Comment 3: The rationale behind the chosen r and p ranges should be explained—were these based on prior literature, preliminary results, or equipment limitations?

Response 3: The selected r and p ranges were primarily guided by prior literature, as noted in the introduction, to ensure comparability with earlier studies and to explore parameter windows previously identified as relevant for functional optimization. At the same time, our own experimental observations revealed a practical limitation: as the number of periods increased, it became increasingly difficult to maintain stable deposition conditions for SrTiO₃, since the required ablation times grew significantly. This dual rationale, literature precedent and experimental feasibility, therefore, defined the chosen range of r and p values.

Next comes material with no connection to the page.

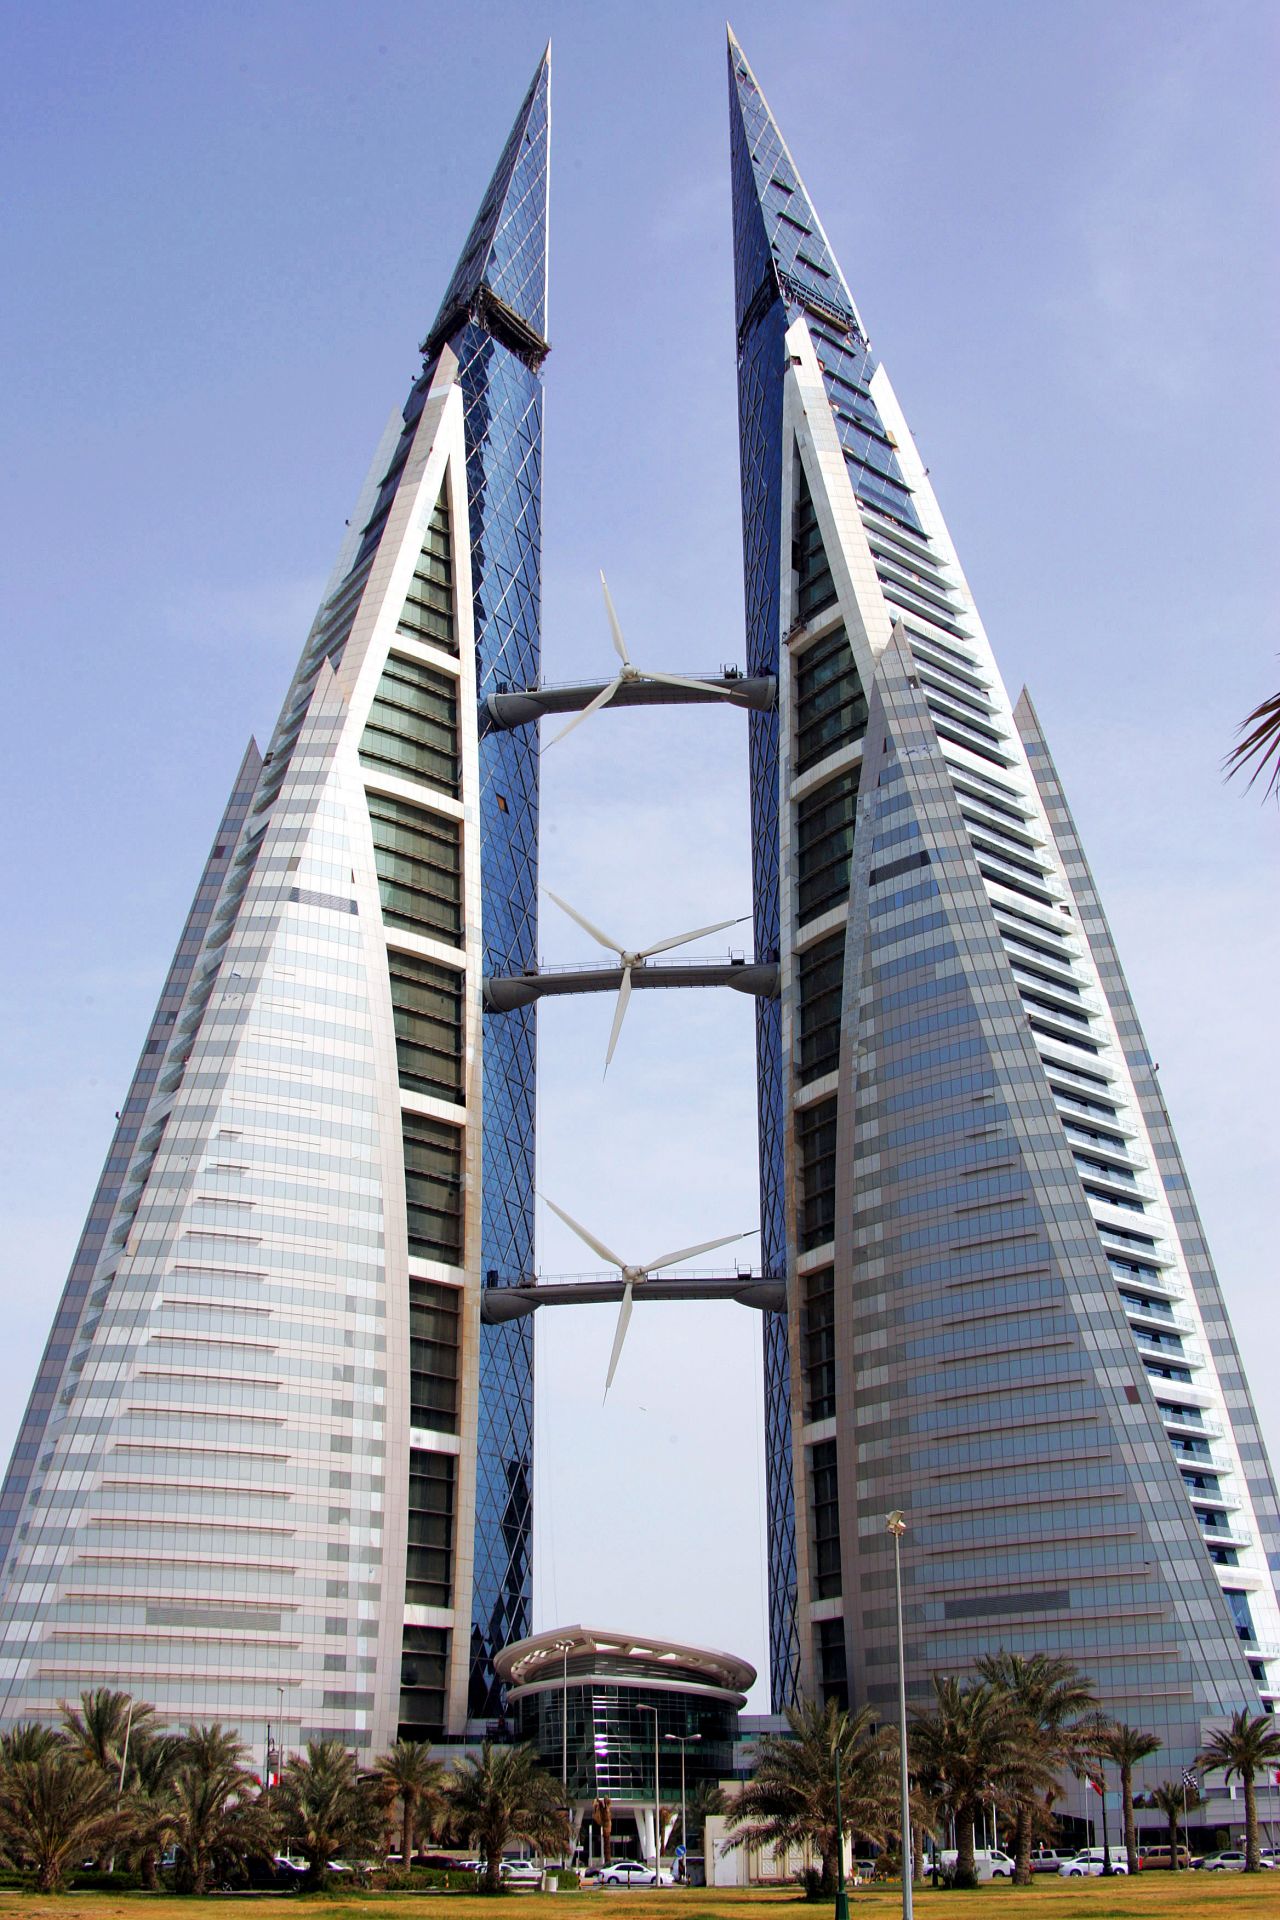 The World Trade Center in Bahrain integrated wind turbines into its design.

Comment 4: The statistical reliability of the piezoelectric coefficient (*d₃₃*) measurements is not addressed. Including standard deviations or repeated measurements would improve confidence.

Response 4: We are currently working on repeated d₃₃ measurements to assess their statistical reliability and will include the corresponding standard deviations in a future version of this work.

Comment 5: The manuscript does not discuss potential influence of substrate strain relaxation or interface intermixing; both could strongly affect the results.

Response 5: We will carefully review the potential effects of substrate strain relaxation and interface intermixing and incorporate a corresponding discussion in the revised manuscript.